Reproduce the listing that follows in full. Omit its images.

■ COLLECTED MATERIAL

********************

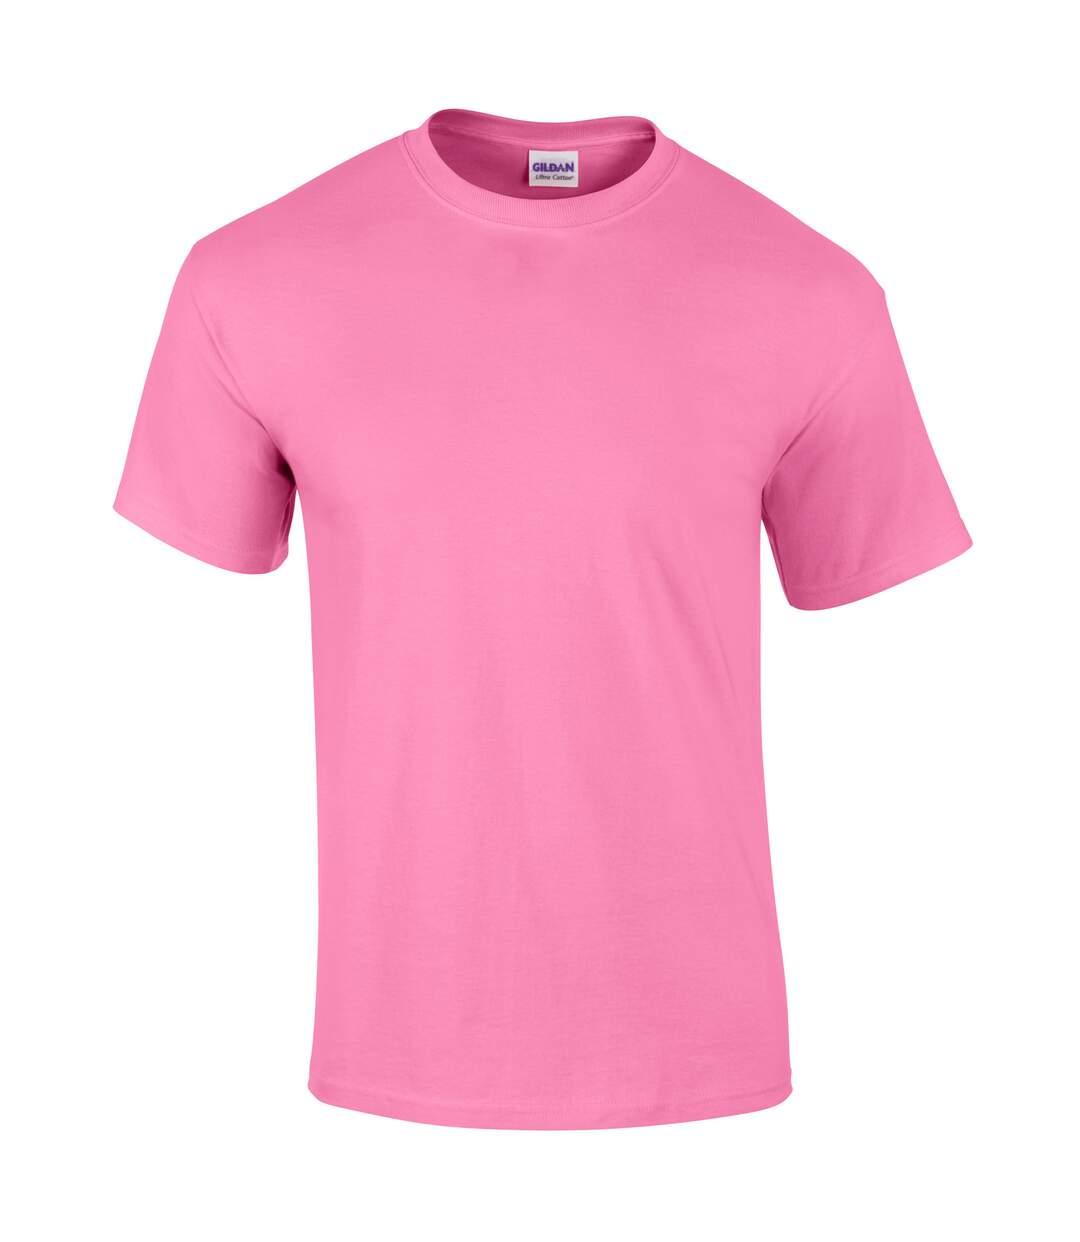 Gildan Mens Ultra Cotton Short Sleeve T-Shirt (Ash Grey) - UTBC475
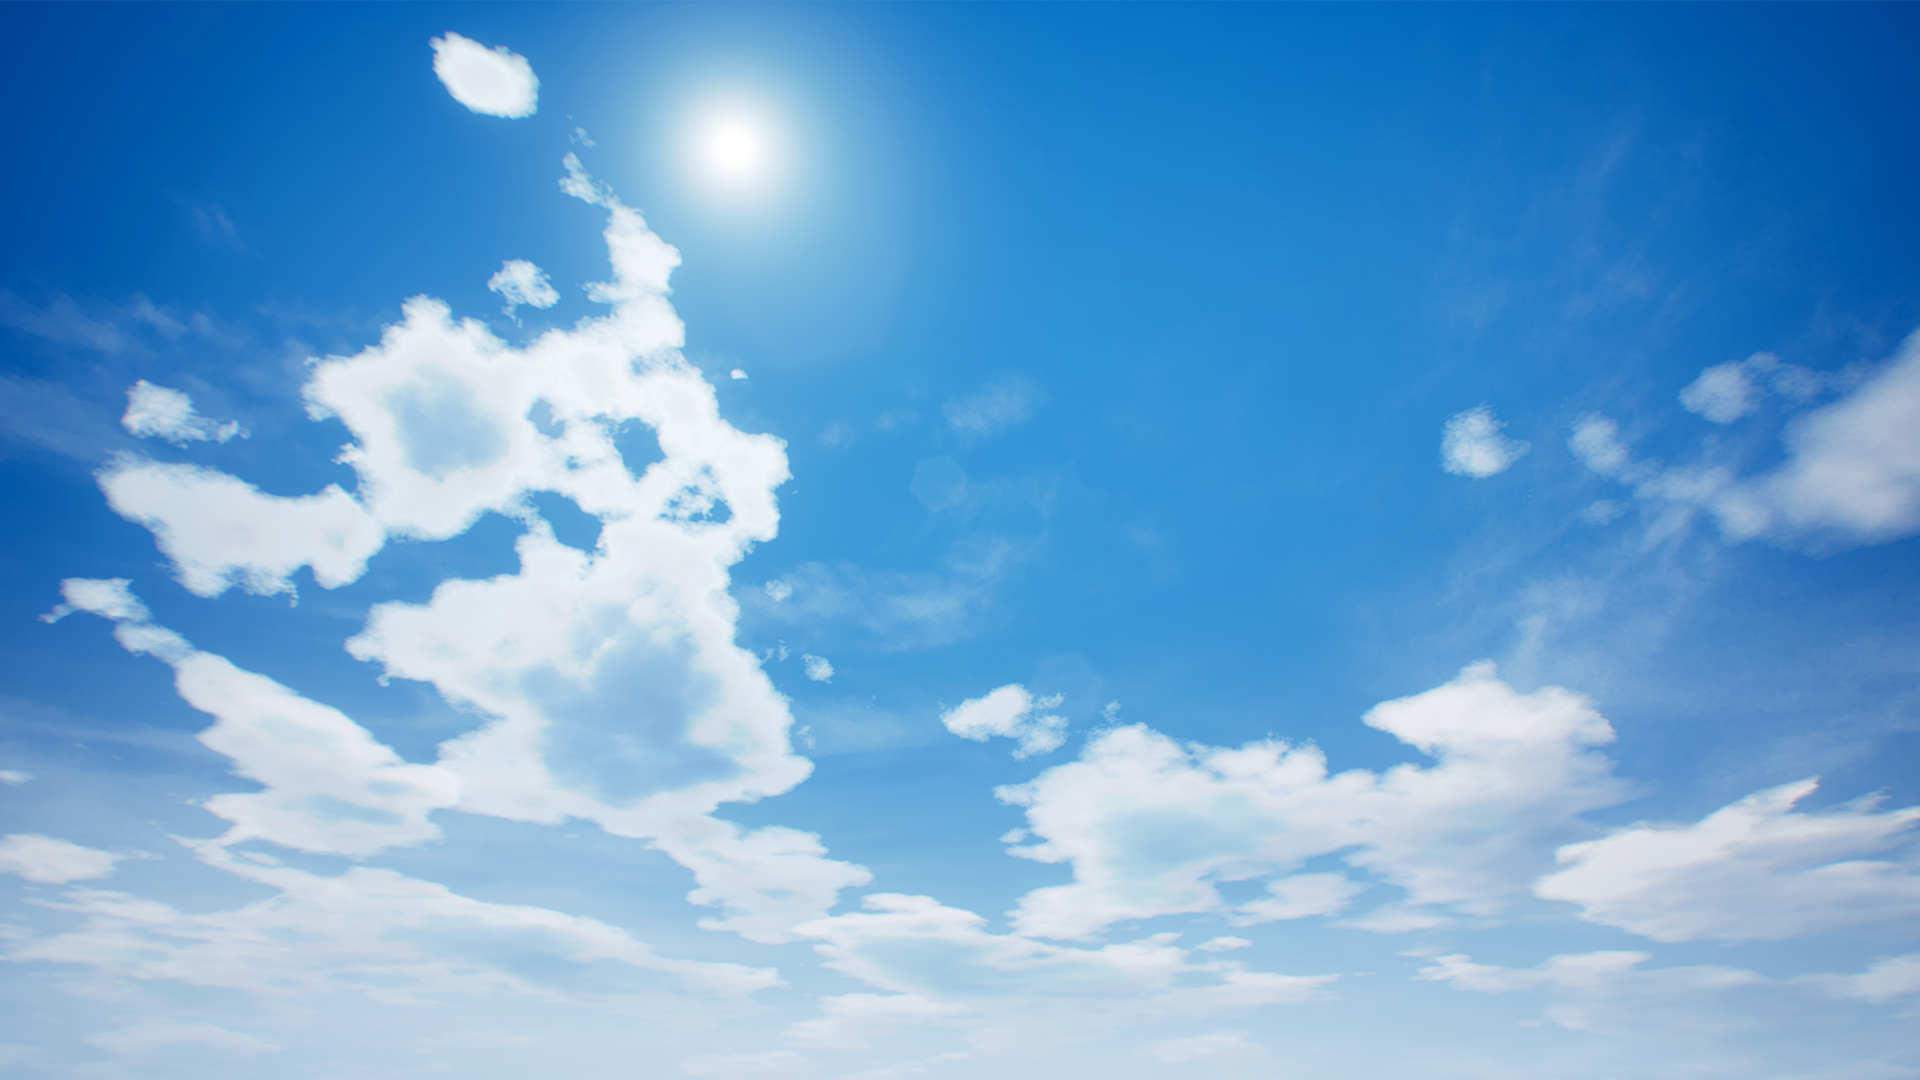 Ultra Dynamic Sky by Everett Gunther in Blueprints - UE4
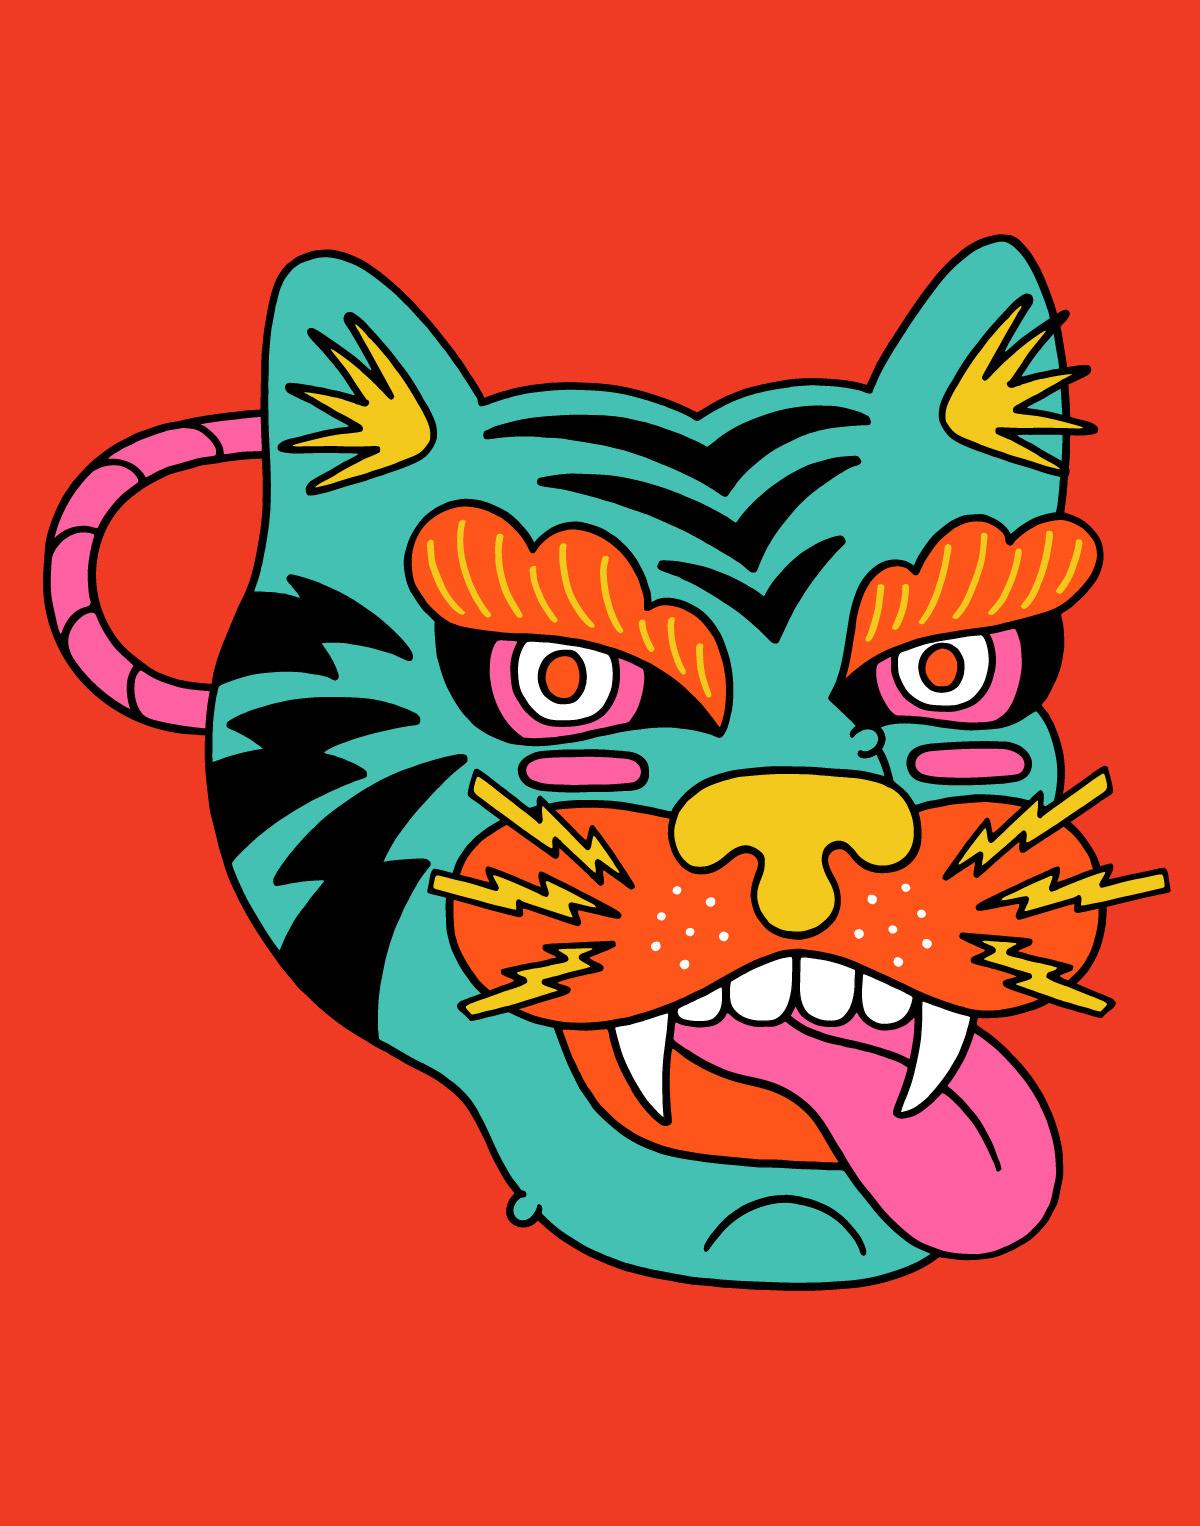 Image may contain: cartoon, illustration and animal
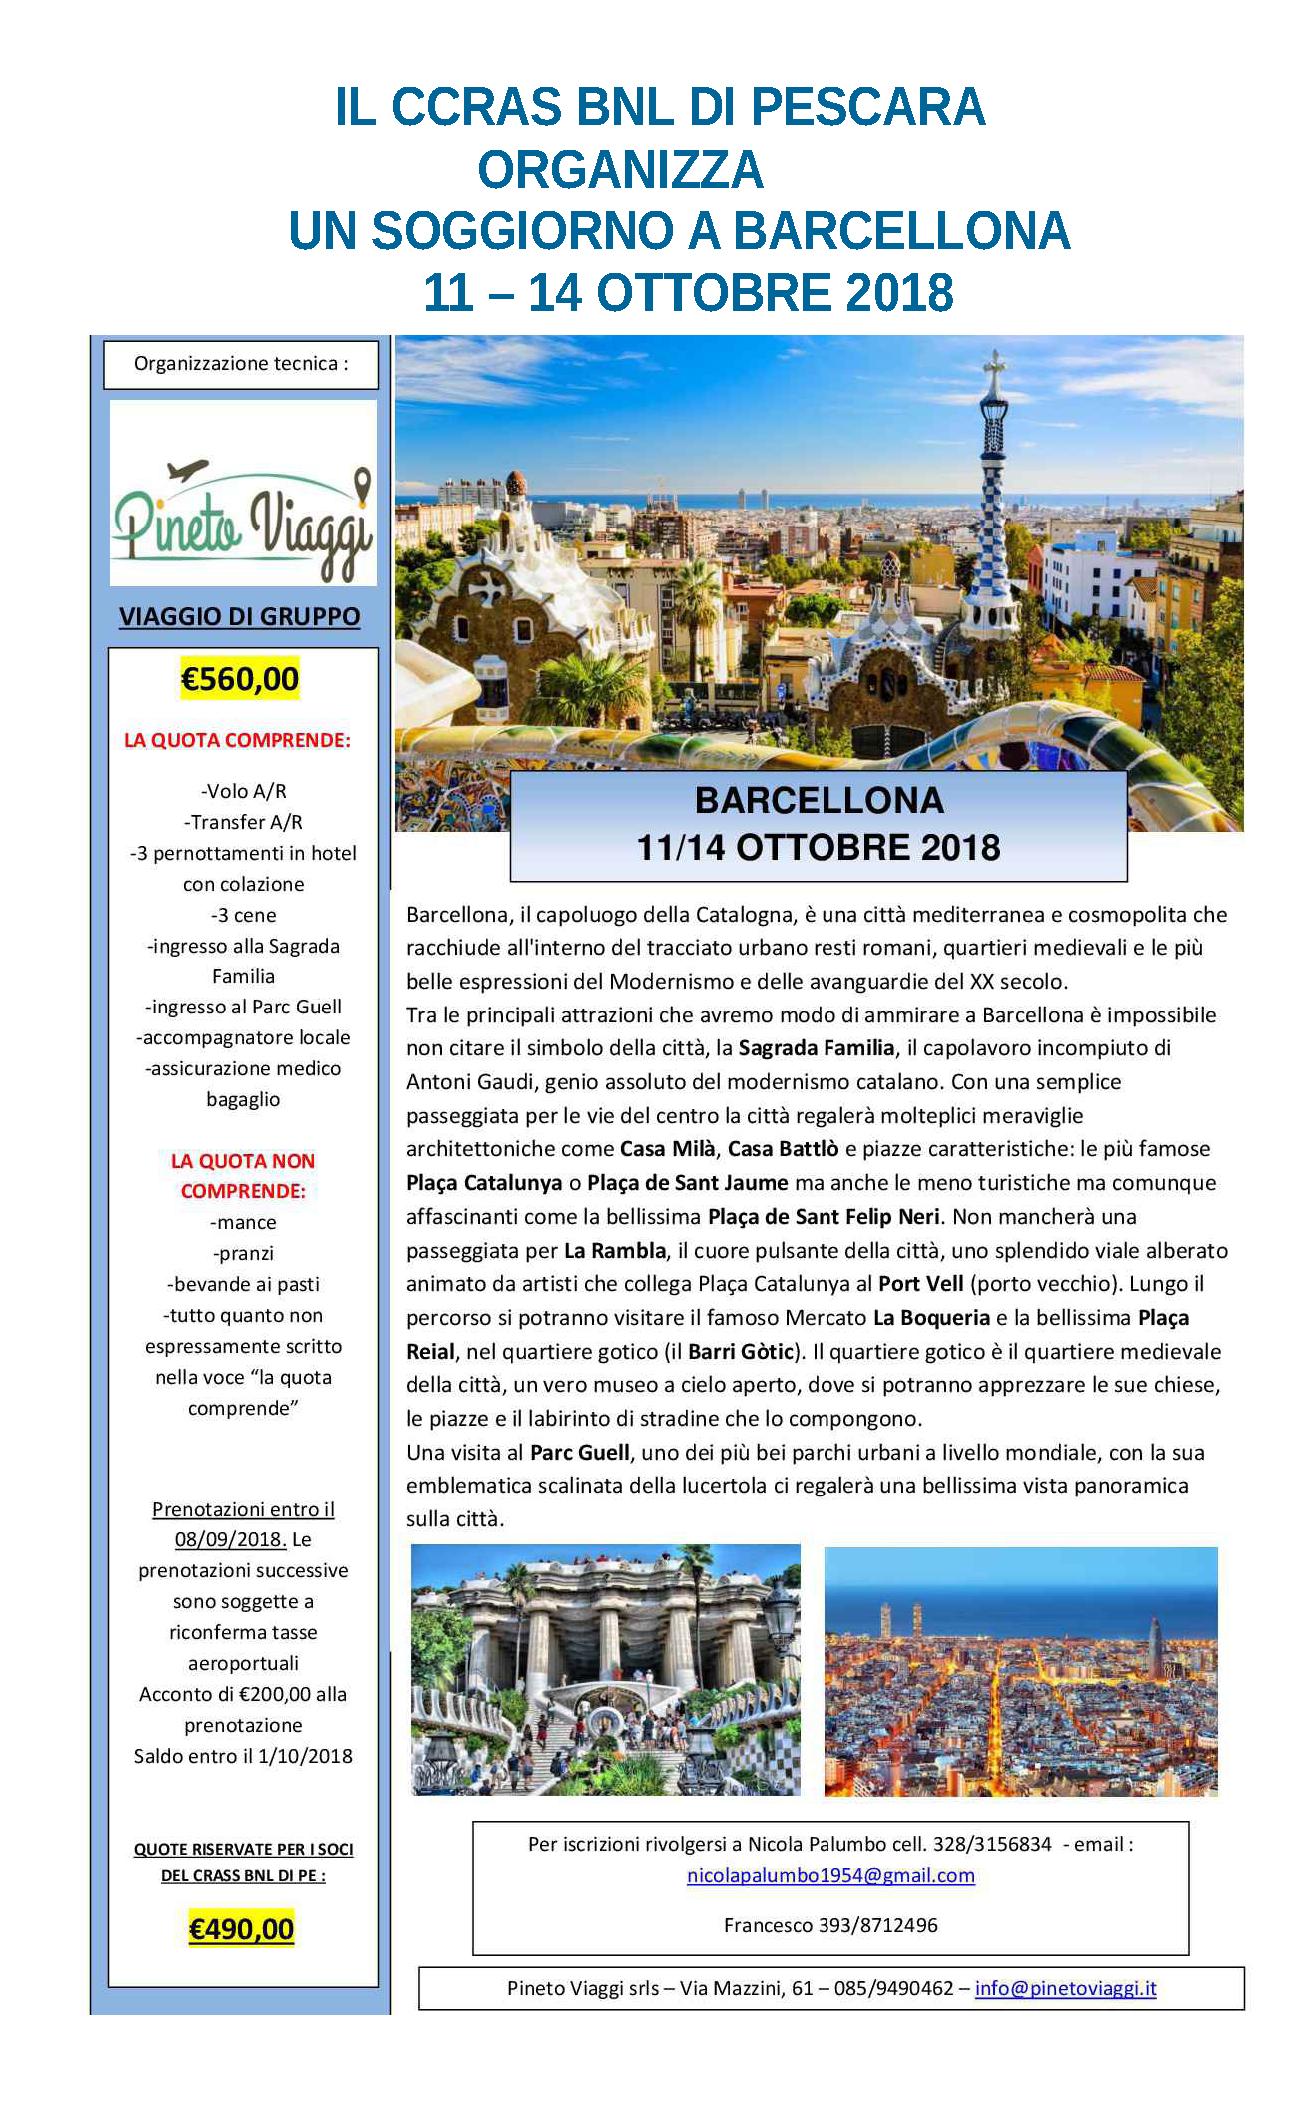 CCRAS BNL -Soggiorno a Barcellona 11/14 settembre 2018 | Intercral ...

********************

■ FINISHED EXERCISE
 Gildan Mens Ultra Cotton Short Sleeve T-Shirt (Ash Grey) - UTBC475
 Ultra Dynamic Sky by Everett Gunther in Blueprints - UE4
 Image may contain: cartoon, illustration and animal
 CCRAS BNL -Soggiorno a Barcellona 11/14 settembre 2018 | Intercral ...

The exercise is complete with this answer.